• TASK OBJECTIVE
Each line containing the word "with" must be copied from the material below.

• SOURCE INFORMATION
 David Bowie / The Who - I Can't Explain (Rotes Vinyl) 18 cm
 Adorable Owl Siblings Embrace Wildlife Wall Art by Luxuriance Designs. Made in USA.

--

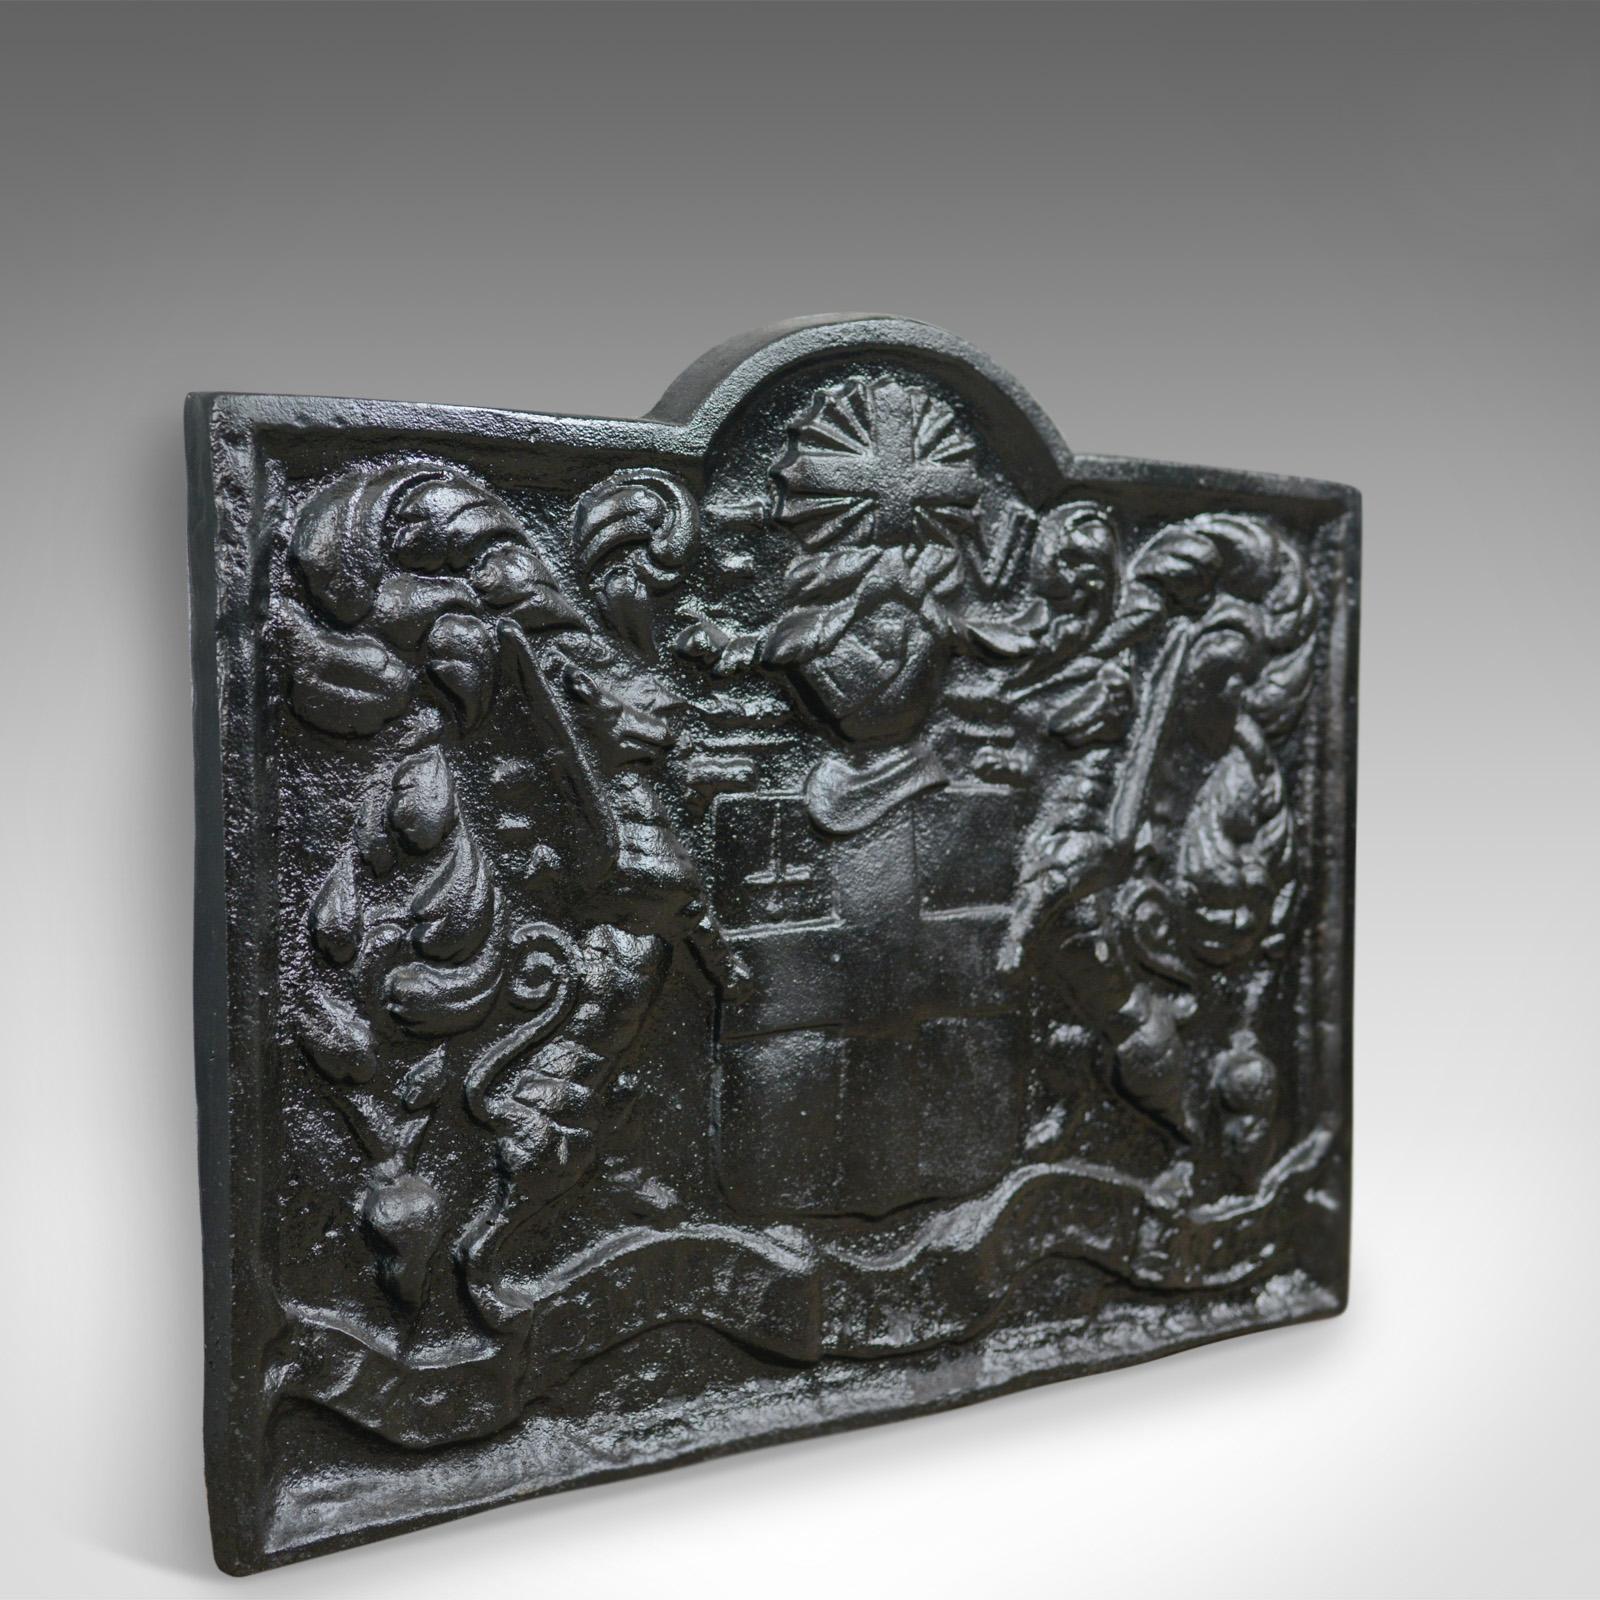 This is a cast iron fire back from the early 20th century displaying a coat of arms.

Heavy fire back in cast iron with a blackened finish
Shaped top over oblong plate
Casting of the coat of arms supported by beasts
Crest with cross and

• TASK RESULT
Heavy fire back in cast iron with a blackened finish
Crest with cross and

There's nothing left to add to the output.